Concept Introduction

Serde derive handles most serialization tasks, but protocol authors eventually hit mixed-shape input problems. A classic case is “string or object” input: users can write a compact form in simple cases, while advanced use requires a richer object shape. Fireside’s ListItem supports both bare strings and full objects with nested children, which is exactly where custom deserialization is worth the complexity.

Why not just use #[serde(untagged)]? Sometimes you can, but ambiguity and poor error messages become painful as shapes overlap. With untagged enums, serde tries variants in order. If multiple variants partially fit, errors may mention unexpected internals instead of user intent. A manual visitor gives you full control over accepted forms and failure text.

The visitor pattern may look verbose, but it maps directly to serde’s parsing model. You implement expecting, then specific methods such as visit_str and visit_map. This makes mixed-form support explicit and readable in one place.

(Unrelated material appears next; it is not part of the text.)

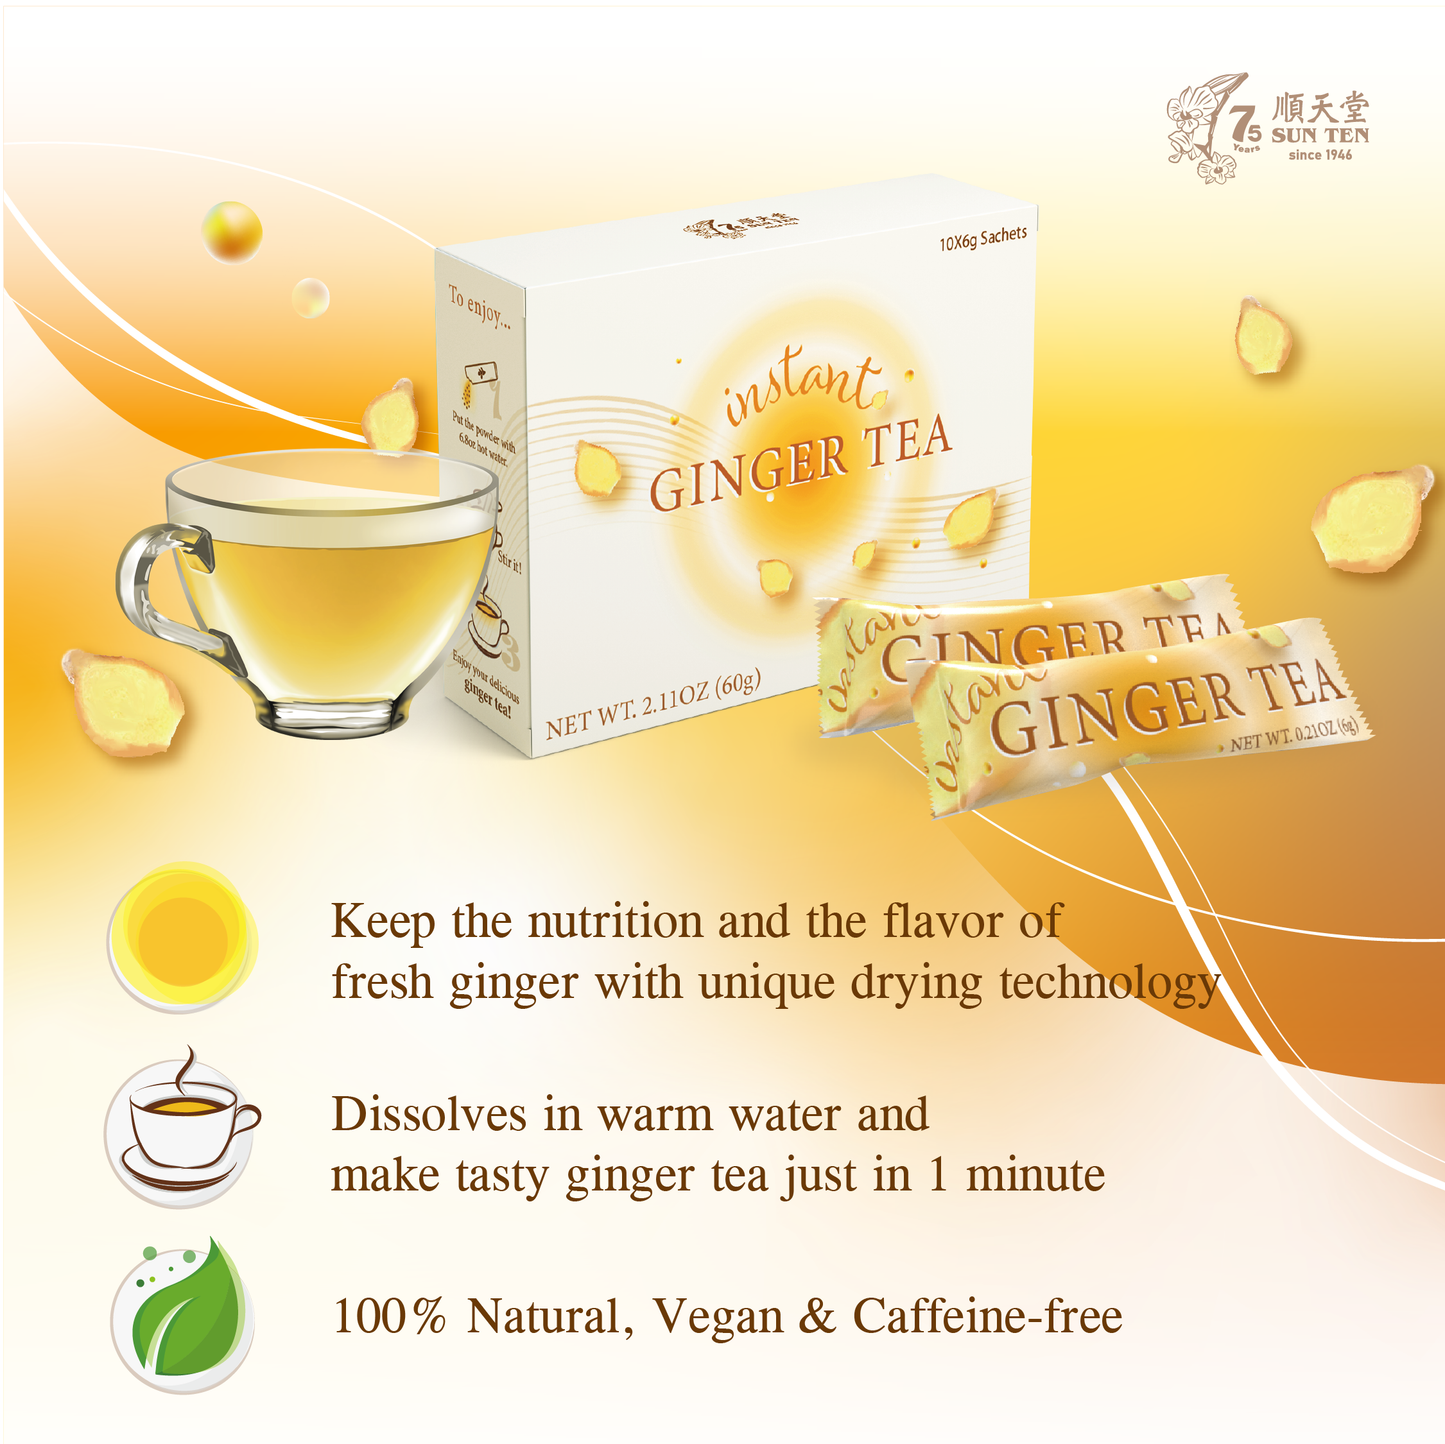 (清冠小套組) 清冠一號 SunTen Glory 10™ x1 + 暖心生薑茶 Instant Ginger Tea x2

It also avoids sprinkling fallback logic across call sites.

Another benefit is compatibility control. Protocol layers often need to keep old documents working while adding richer authoring forms. A custom visitor lets you add support incrementally without changing domain model shape. You can continue returning one internal struct while accepting multiple syntaxes externally.

The cost is maintenance burden. Manual visitors require tests for every accepted and rejected shape, including nested edge cases. In return, you get precise parsing behavior and better diagnostics. In protocol code, that trade is usually worth it because deserialization is a public boundary.

Fireside Walkthrough

Source anchor: crates/fireside-core/src/model/content.rs (ListItem).

impl<'de> serde::Deserialize<'de> for ListItem {
fn deserialize<D>(deserializer: D) -> Result<Self, D::Error>
where
D: serde::Deserializer<'de>,
{
struct ListItemVisitor;
// visit_str => bare string form
// visit_map => object form with text + children
deserializer.deserialize_any(ListItemVisitor)
}
}

Why this design:

  • Supports concise authoring ("item") and rich structure.
  • Keeps one runtime representation.
  • Produces domain-specific expectation text.

Exercise

Add an InlineStyle type that accepts both:

  • bare string: "bold"
  • object: { "style": "bold", "color": "red" }

Then add an integration test named inline_style_roundtrip.

Verification

Run:

Terminal window
cargo test -p fireside-core inline_style_roundtrip

What would break if…

If you switch to a naive #[serde(untagged)] setup where variants overlap, serde may select an unintended branch or emit low-quality errors when object fields are partial. You might accept malformed input silently or reject valid input with confusing messages.

Key Takeaways

Manual serde is for boundary cases where shape flexibility and error quality matter more than brevity. Visitors make accepted forms explicit and keep runtime models clean. Fireside’s ListItem is a practical template for mixed syntax support in protocol code. Use derive first, then move to custom deserialize only when behavior or diagnostics demand it.